Pour diminuer les facteurs de stress, souvent d’ordre psycho-émotionnel, il faut d’abord les repérer :
- les facteurs d’agression liés au stress au travail et dans la famille ;
- les blessures émotionnelles et les frustrations ;
- l’alcool et les substances chimiques ;
- les comportements addictifs.
Une rééducation psychothérapeutique est ensuite nécessaire pour permettre au malade de vivre en phase avec le monde extérieur et d’apprendre à gérer lui-même les facteurs de stress inévitables. Les psychothérapies cognitivo-comportementales sont efficaces avec un psychothérapeute spécialisé dans le traitement du trouble bipolaire. Il convient d'éviter la psychanalyse basée sur des grilles d'interprétations de paroles et de gestuelles risquant d'empirer la détresse du malade.
Bon à savoir : la thérapie concerne aussi l'entourage qui vit exposé à l’épuisement psychologique.
3. Dirigez-vous vers l’évolution et la guérison du trouble bipolaire
Le trouble bipolaire est une maladie évolutive, chronique, récidivante et difficile à maîtriser. La perspective d’évolution et de guérison du trouble bipolaire ne s’améliore pas seule, ni avec l’âge ou la maturité.
Adapter le traitement
Il n’existe pas un traitement universel qui marche à coup sûr, la diversité des symptômes et la multiplicité des paramètres en jeu étant trop importantes.

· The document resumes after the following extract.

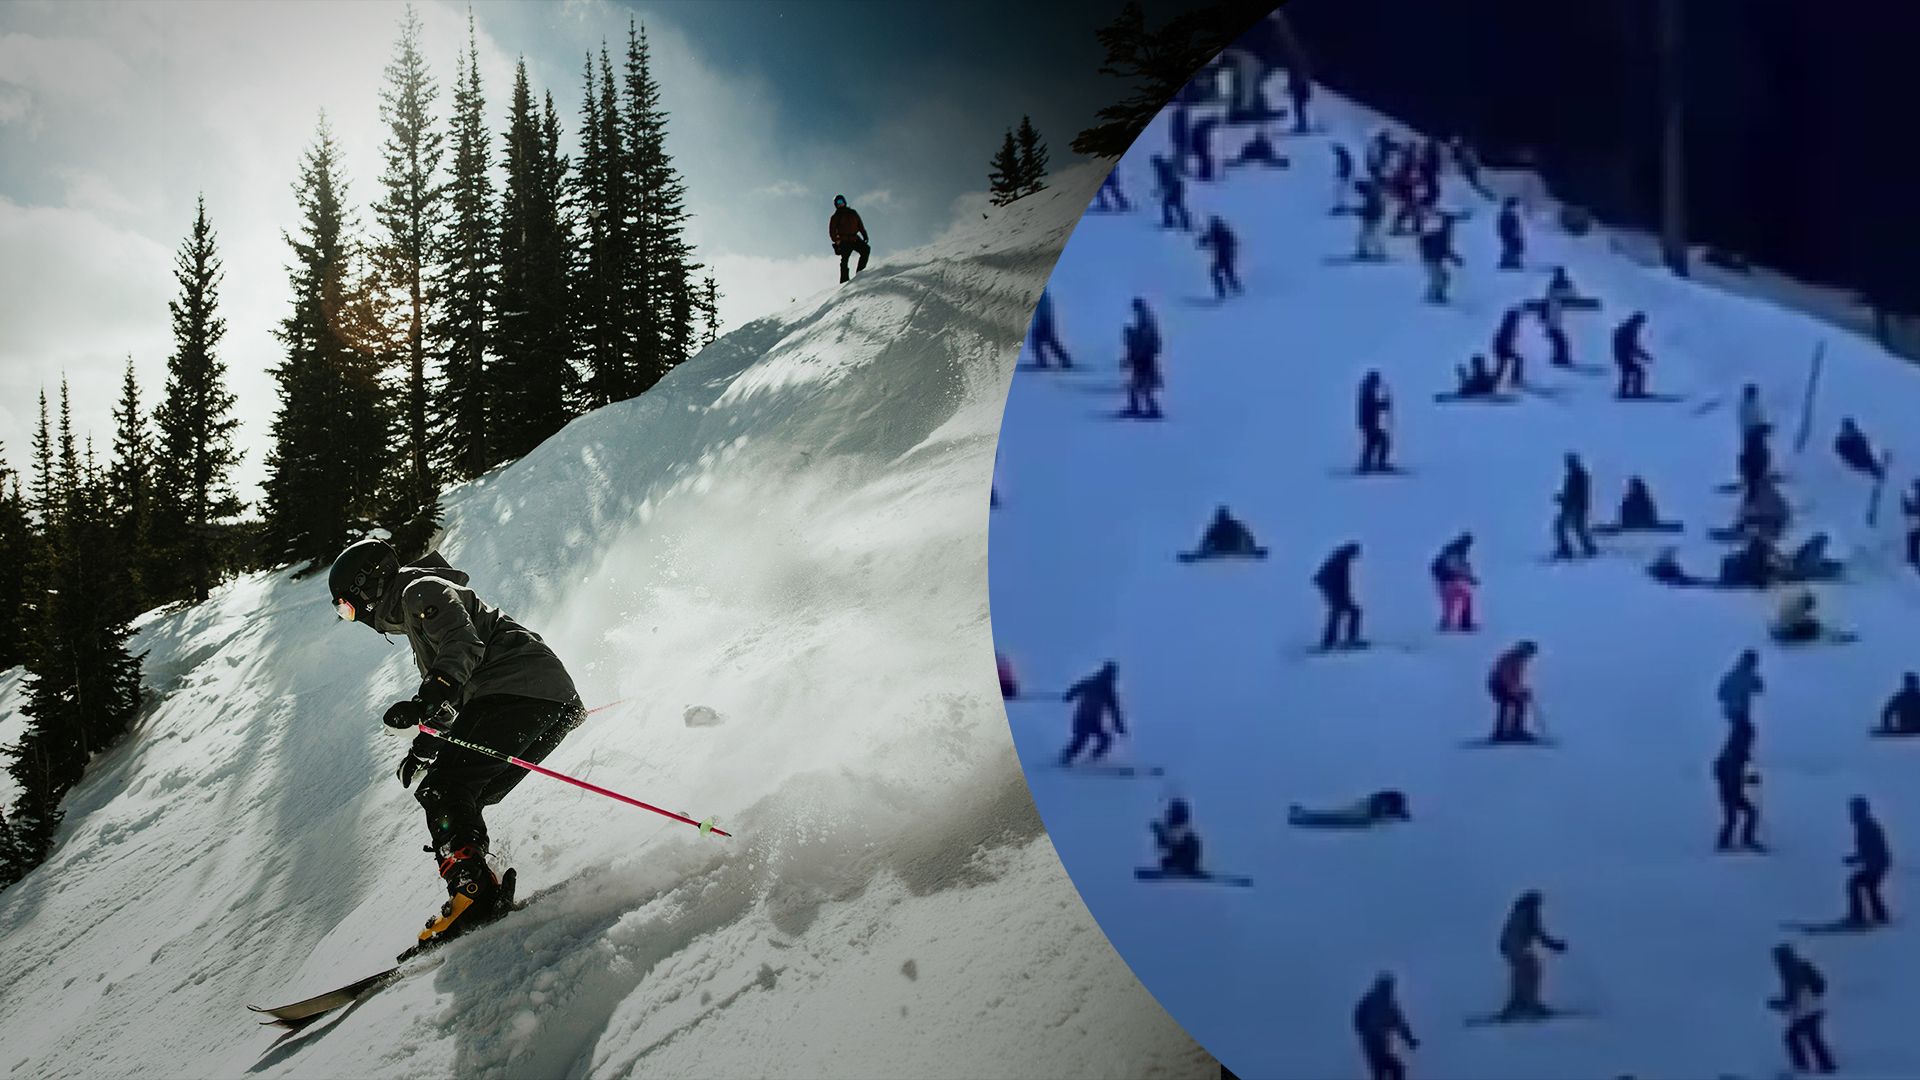  Пьяные лыжники заблокировали склон на горнолыжном курорте Ишгль

De plus, face à la maladie, qui se développe dès l'adolescence, des réponses automatiques de pensées et de comportements ont été adoptées par le malade. Il lui est souvent très difficile de s’en défaire. La difficulté est donc de lutter aussi contre ces troubles de comportements installés, excessifs ou illogiques, tel que des phobies ou des TOC. Cependant, tout dépend de la capacité et de la propension de la personne à pouvoir changer et améliorer sa vie.

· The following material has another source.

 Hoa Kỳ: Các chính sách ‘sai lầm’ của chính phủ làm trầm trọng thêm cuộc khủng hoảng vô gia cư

La prise en charge médicale réduit nettement le risque de suicide, sans avoir recours aux antidépresseurs.
Bon à savoir : les derniers travaux en date suggèrent que les bénéfices de la coenzyme Q10 pourraient s’étendre au spectre des maladies dites « mentales », y compris les troubles bipolaires (de 90 à 2 000 mg/jour sur une période prolongée en complément des traitements classiques).
Gérer les risques de récidive
Guérir de la maladie bipolaire est réalisable à condition de comprendre qu'elle est toujours latente et que sa régression dépend du contrôle personnel des facteurs d'aggravation. La HAS (Haute autorité de santé) rappelle que le traitement des troubles bipolaires ne doit dans tous les cas pas être inférieur à deux ans.

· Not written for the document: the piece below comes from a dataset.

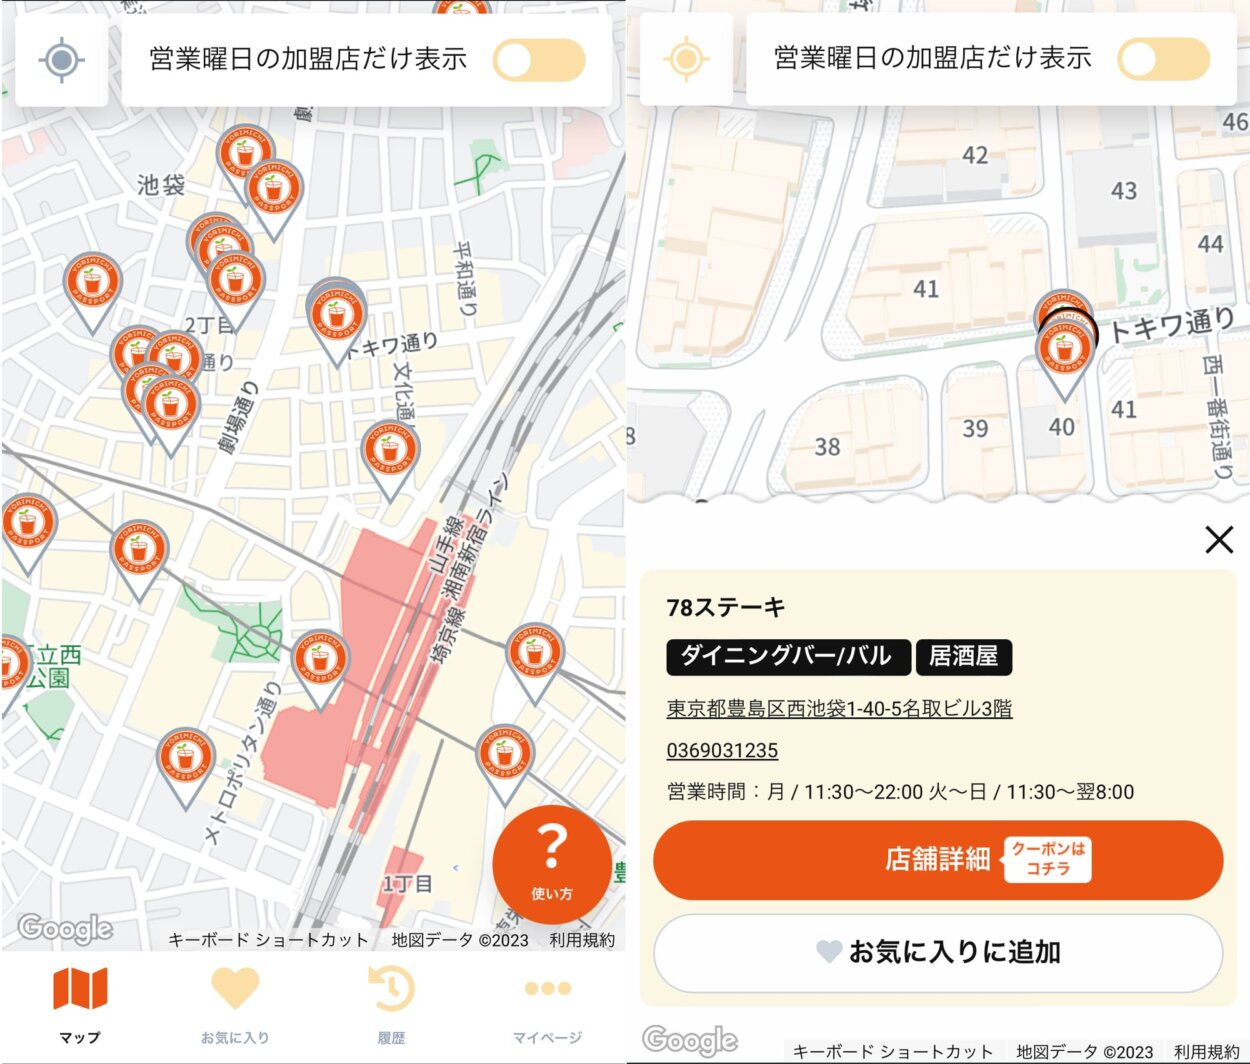 MAP画面。ポイントをタップすると店舗情報が表示される

Le risque de récidive est important et concerne plus de la moitié des malades traités. L’amélioration de la qualité de vie se mesure à :
- la baisse de la durée et de la fréquence des épisodes de crise ;
- aux relations qui se normalisent ;
- à la capacité d’une meilleure maîtrise des facteurs de développement de la maladie.
C’est l’entourage qui doit ensuite adapter son mode de vie et ses attitudes en gardant à l’esprit que, malgré une amélioration, le trouble bipolaire représente un risque permanent de récidive qu'il faut apprendre à connaître et à contrôler avec une aide médicale obligatoire. Cependant, des gestes quotidiens sont nécessaires au bien-être du malade et le mettent sur la voie de la guérison :
- être installé dans un rythme de vie régulière ;
- être soumis à un sommeil régulé ;
- avoir accès à une alimentation saine ;
- être indépendant ou libéré d’une quelconque addiction dans laquelle il serait tombé pour échapper à son mal-être.
Bon à savoir : les troubles bipolaires sont inclus dans l'ALD 23 (affections psychiatriques de longue durée). Pour que la reconnaissance d’ALD ait lieu, l'ancienneté des troubles doit être supérieure à un an au moment de la demande et ils doivent avoir des conséquences fonctionnelles directes et majeures créant un handicap dans la vie quotidienne. Une fois accordée, elle donne droit à une exonération de ticket modérateur pour une durée de cinq ans, renouvelable.